Elsie stiffens in her seat.
“Oh, here come the accusations,” Margot jabs.
“You think you’re better than the rest of us because you’re not affected by anything that’s happened to you,” Beverley replies. She’s a cornered rat. She’ll have to bite her way out. “You don’t give a shit that your husband killed himself in prison because of you.”
“Beverley!” Elsie’s eyes are wide.
But Beverley is on a roll. Panic has taken over; she no longer really knows what she’s saying. “You think I’m weak because I have worries and feelings and fears.”
Margot’s face has hardened.
“But you’re the one who’s in denial, with your parties and your jokes.”
“Denial?” Margot’s voice is shrill. And loud. Too loud. “Are we really going to talk about denial? You still wear your wedding ring.”
“I need people to respect me.”
“Respect? You can’t move on from a guy who killed seven women. How’s anyone going to respect you? You still have his goddamn photograph on your fridge.”
“What?”
“Elsie told me. She saw it. It’s sick, Beverley. He’s a murderer.”
Elsie swings around in her seat. “I didn’t mean to gossip. I just—”
“Well, at least I don’t have to fuck anything that moves to keep my mind off my ex-husband.” Beverley’s words land the punch. “We all know what you get up to at those parties. If you weren’t such a—”

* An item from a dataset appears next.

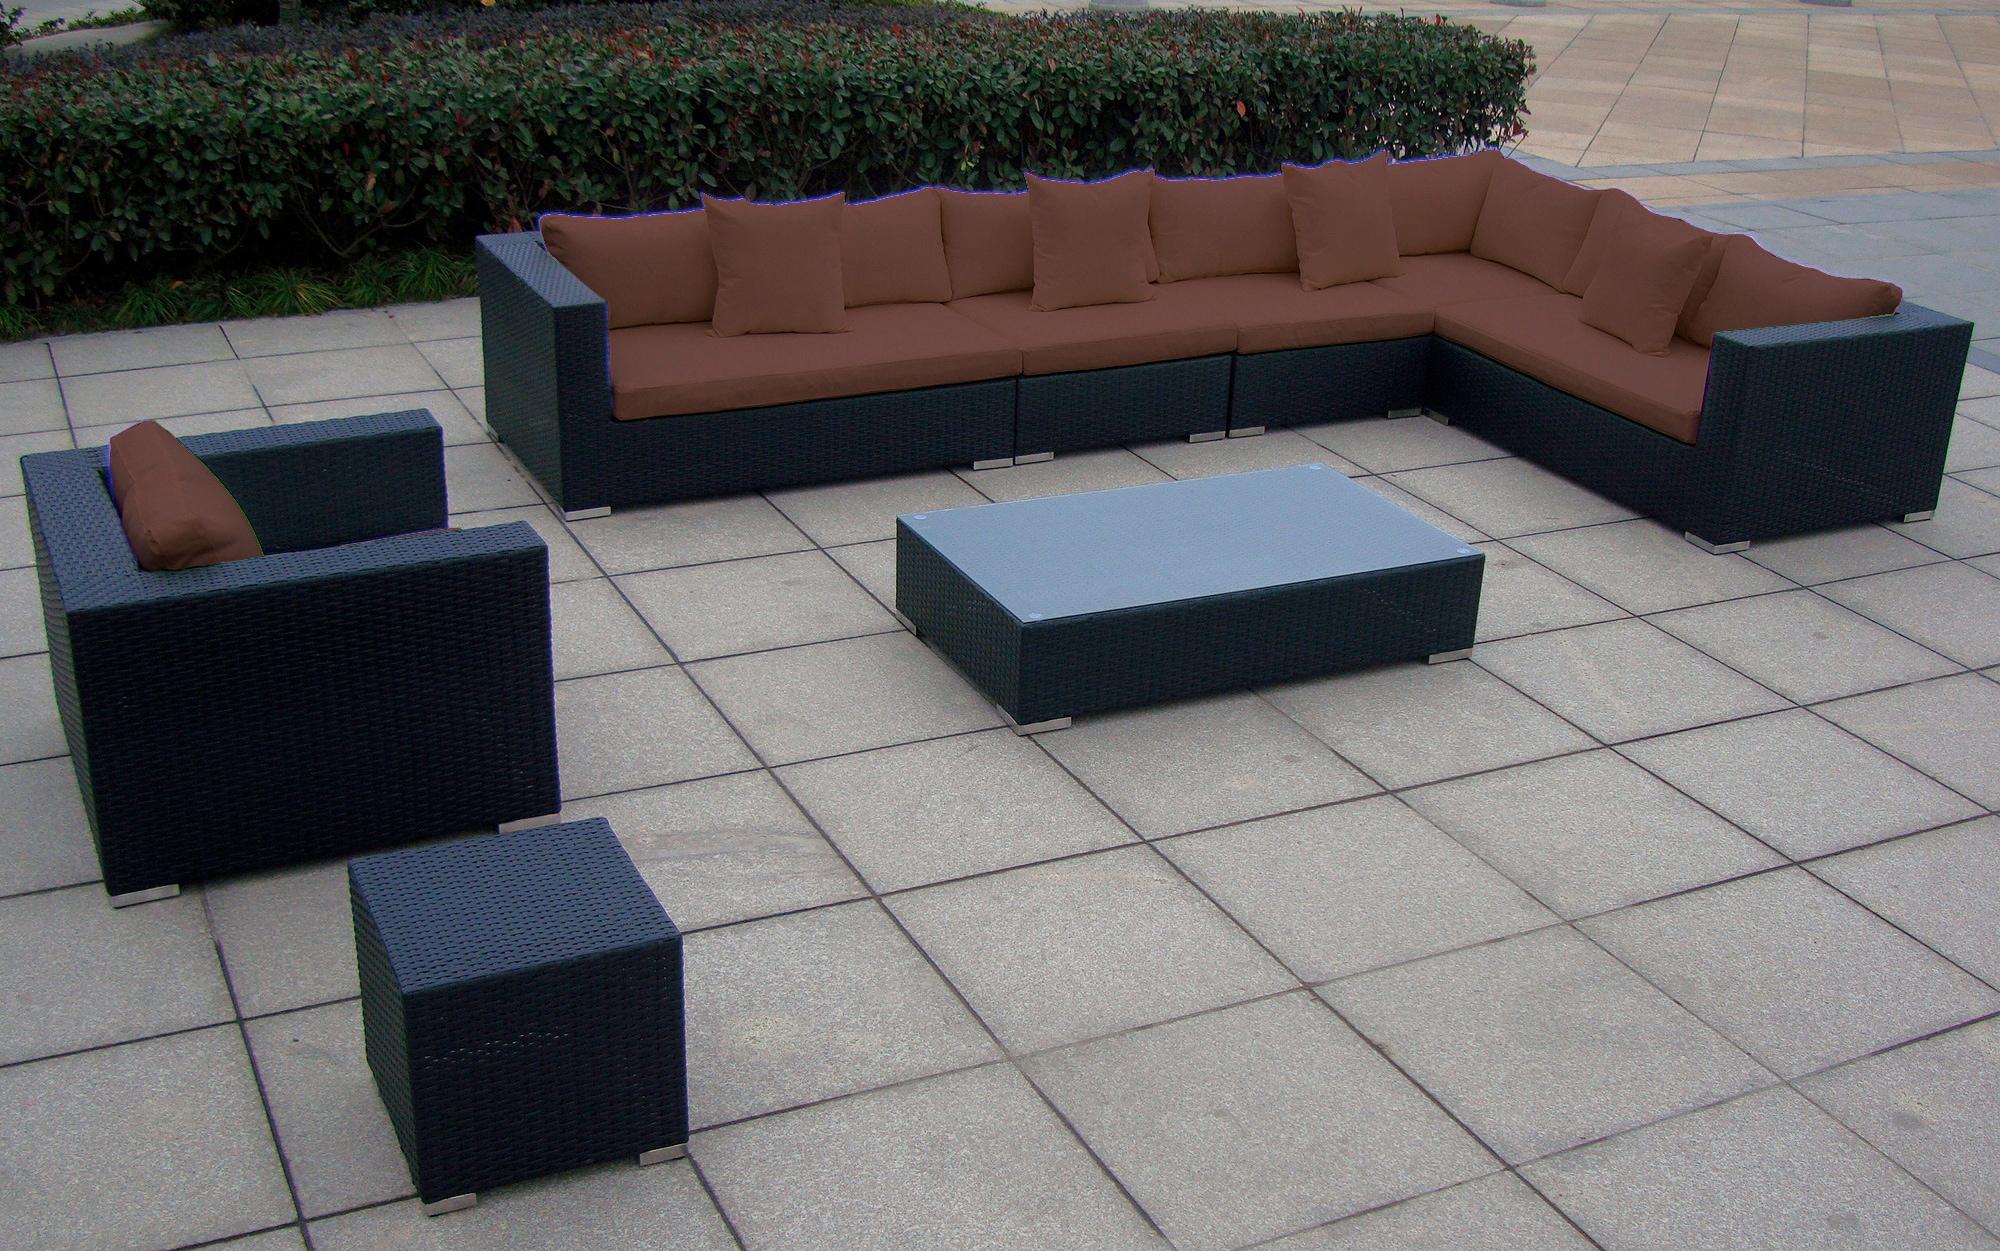 BAIDANI Loungeset Sunmaster 1 XXL Sofa 1 Sessel 1 Tisch 1 Beistelltisch Polyrattan

With a sharp intake of breath, Margo suddenly pushes open the door.
“Wait!” Elsie hisses, but Margot has already slammed it behind her and is tottering down the road.

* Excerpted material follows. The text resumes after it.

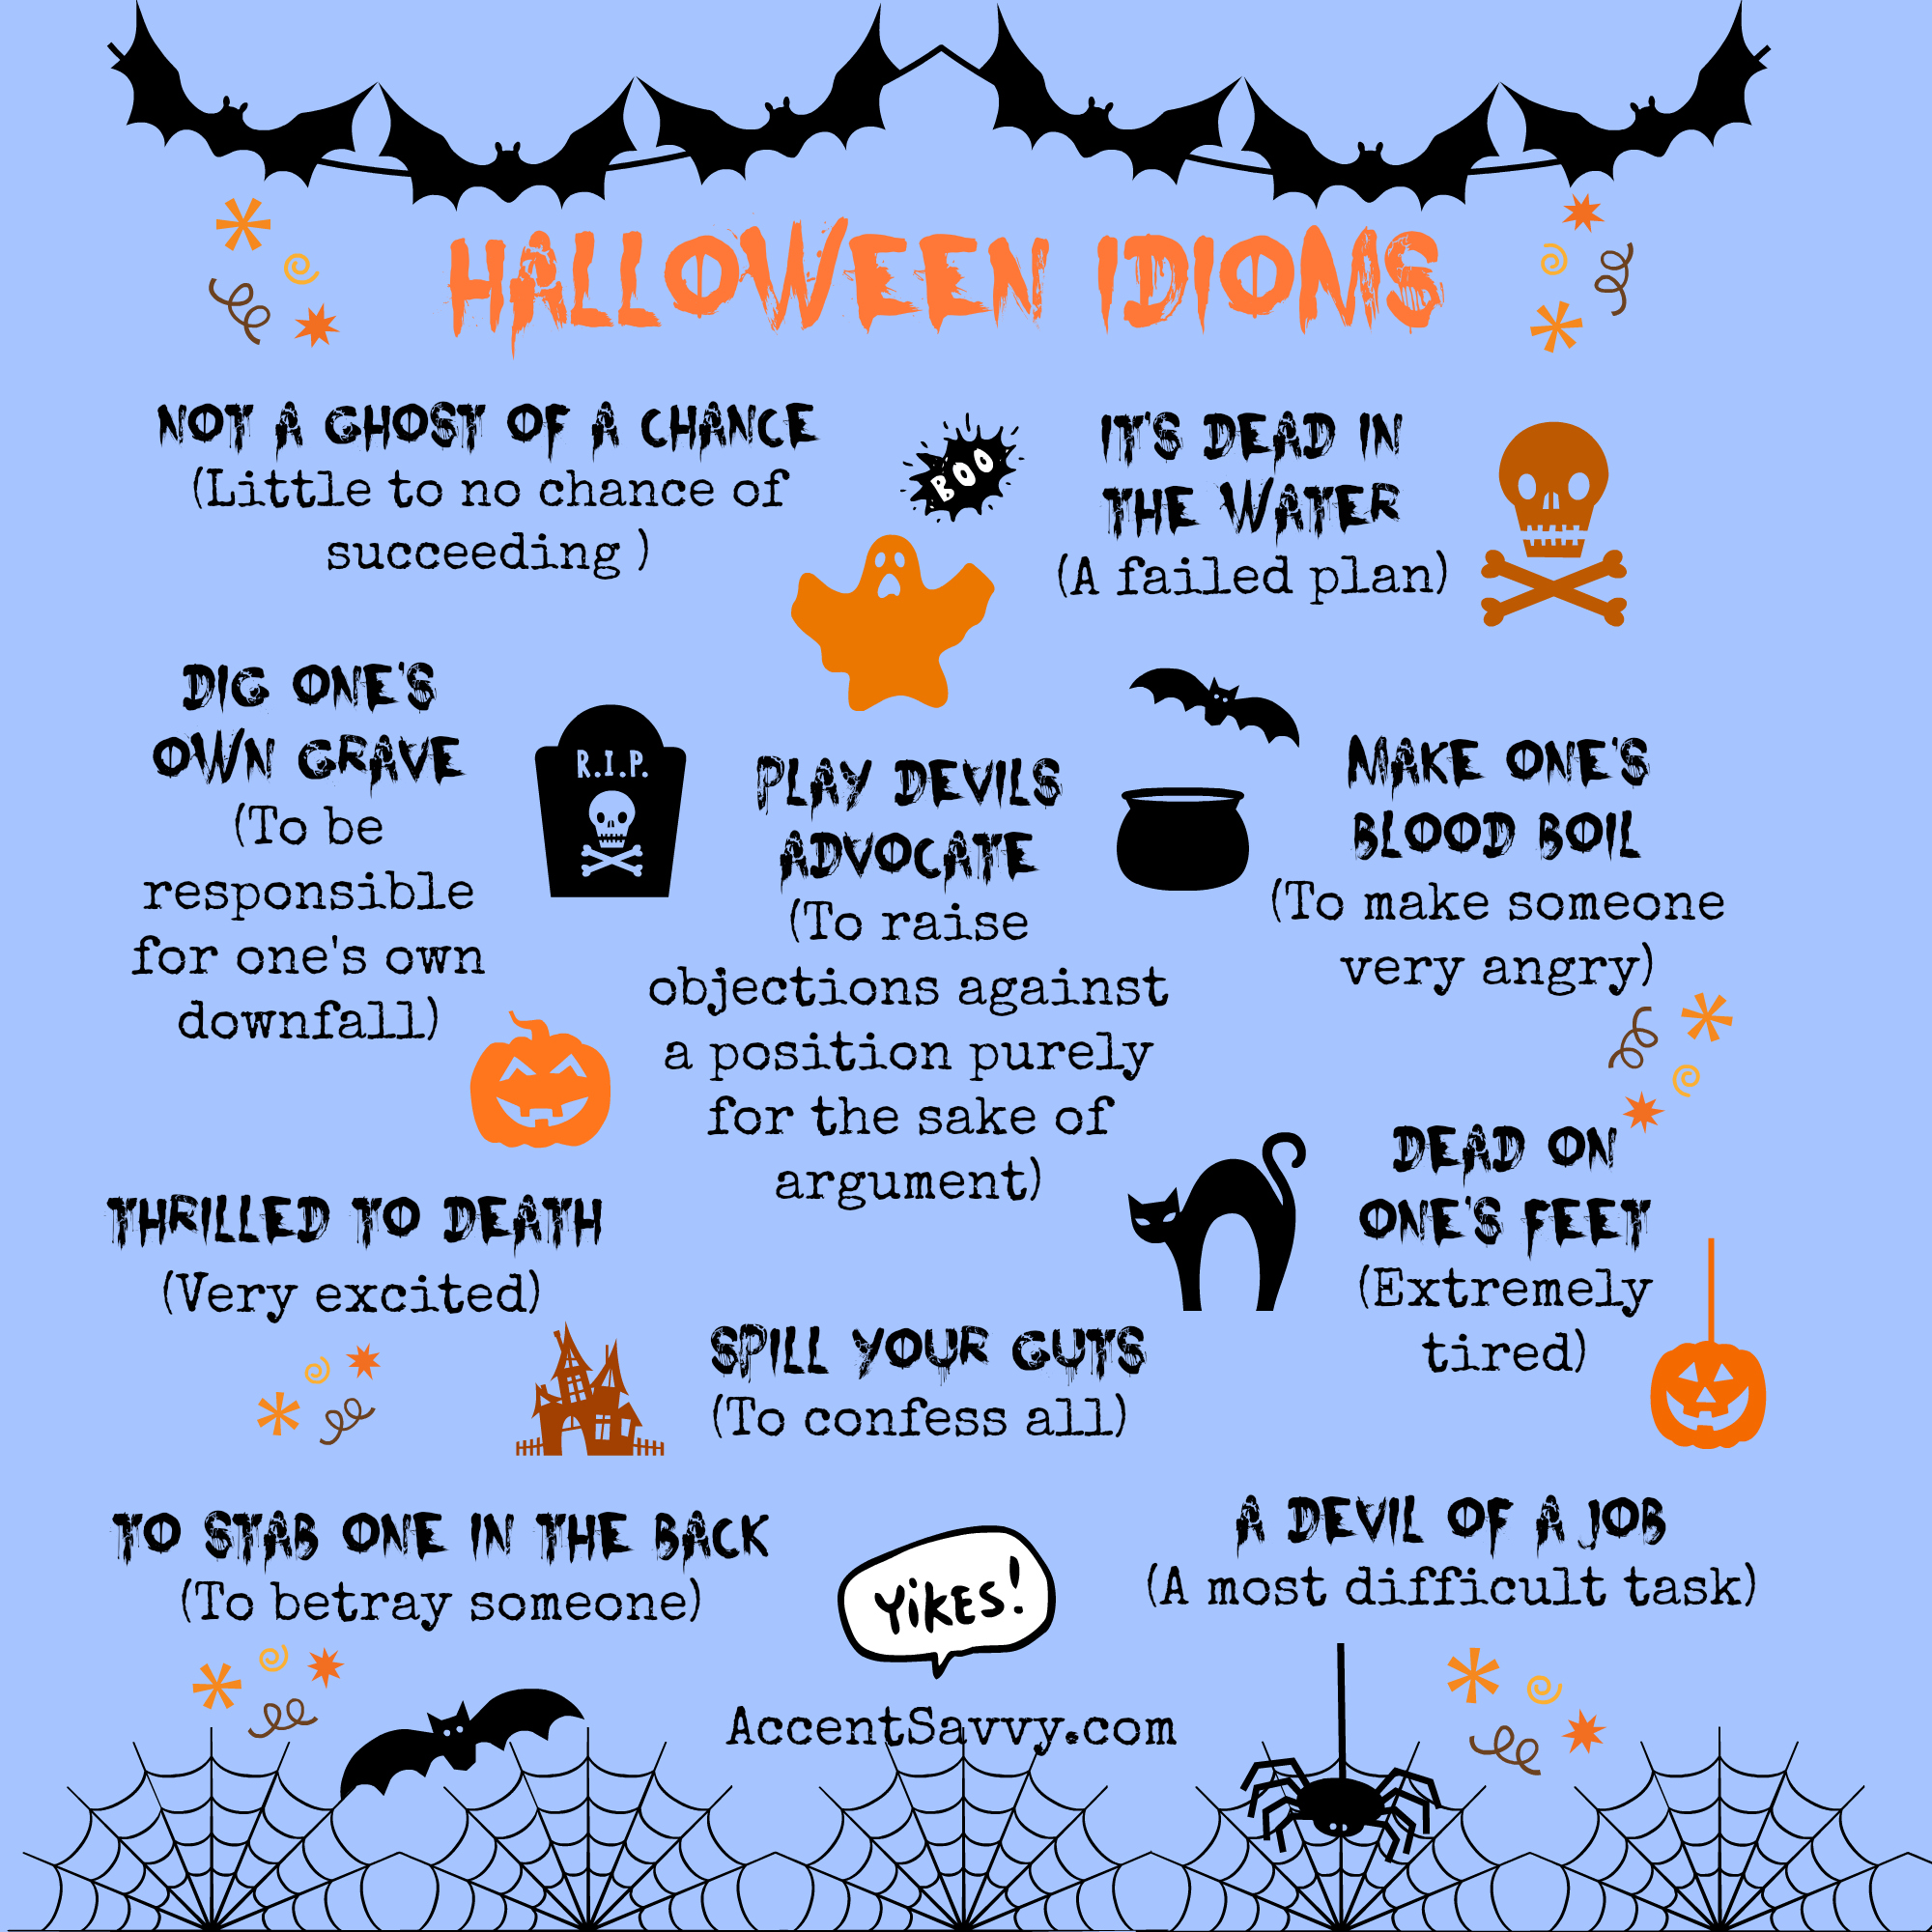 Halloween-accent-savvy.jpg

There’s a movement from inside the garage, and Beverley turns to see Hank at the open doorway, silhouetted by light from inside, wiping his powerful hands on a rag. She watches as his eyes fall on the car. He looks furious to realize he is being watched.
“Shit.” Beverley ducks down in her seat and prays that he cannot see them. “Elsie! Get her back in the car.”

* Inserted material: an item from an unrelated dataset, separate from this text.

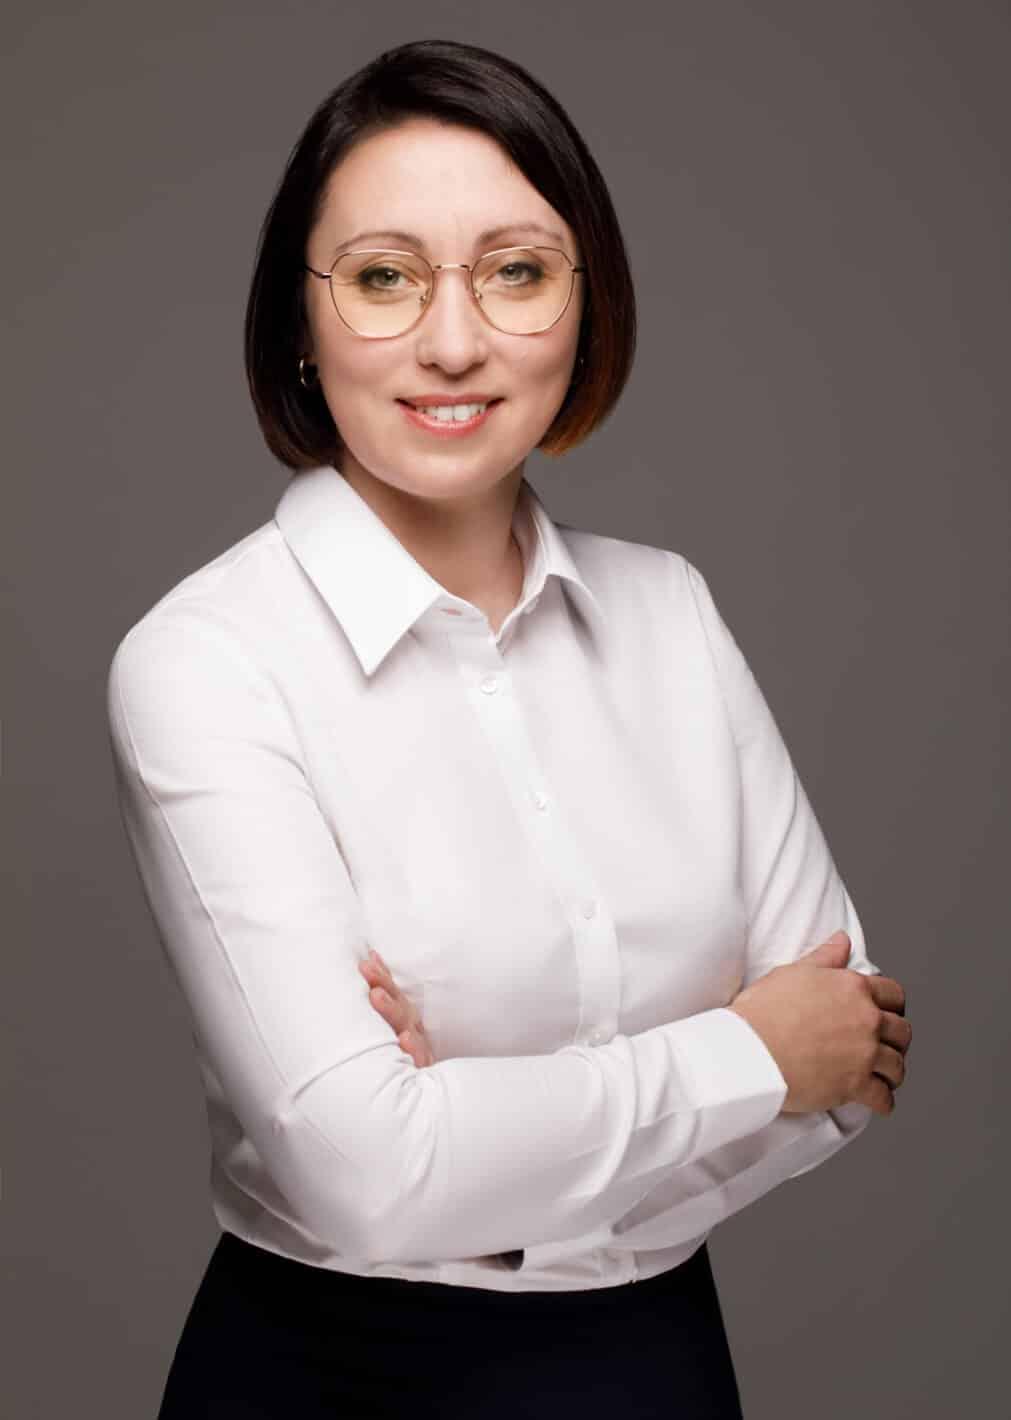 Dorota Szymańska

Elsie winds down her window and calls out to Margot. They have to be quick. But Margot, even in her heels, is already too far away to hear her.
A glance at the garage tells Beverley that Hank has disappeared back inside.
She’s likely got only seconds, but she opens the passenger-side door and calls out after Margot.
The next time she looks at the garage, Hank has reappeared and is striding down the driveway, his right arm held out in front of him.
“If you fuckers think you can steal anything else from my garage,” he calls out, “you better be feeling lucky!”
“Jesus!” Beverley hisses.
“Shall we hold up our hands or something?” Elsie begins to raise her palms.
As Hank nears, Beverley can see that he is holding a gun.
“Just go!” Beverley cries, and Elsie reaches for the ignition. But her shaking hands struggle to turn the key.
“Drive, Elsie! He’s got a gun!”
“I can see that!” Elsie wrenches the key once more, and on the third turn the engine splutters. The radio clicks on, “California Girls” blasting into the night.
Hank is only a few feet away and holding the weapon aloft. He must be able to see them this close. Beverley prays that he cannot make out the details of their faces, that he won’t jot down Elsie’s license plate number, won’t come after them.
The wheels screech as Elsie jolts the car forward, making a direct line for Margot as Beverley leans back to open the car door.
“Get in the damn car!” Beverley screams through the open window as they pull alongside her.
Margot glances behind them, seeing what Beverley can see reflected in the rearview mirror: the towering Hank in the center of the road, the gun pointed directly at them.
Margot ducks and barrels into the back seat.
She doesn’t even have time to close the door before Elsie screeches off, leaving Hank Farrer behind them, suspicious, furious and more dangerous than ever before.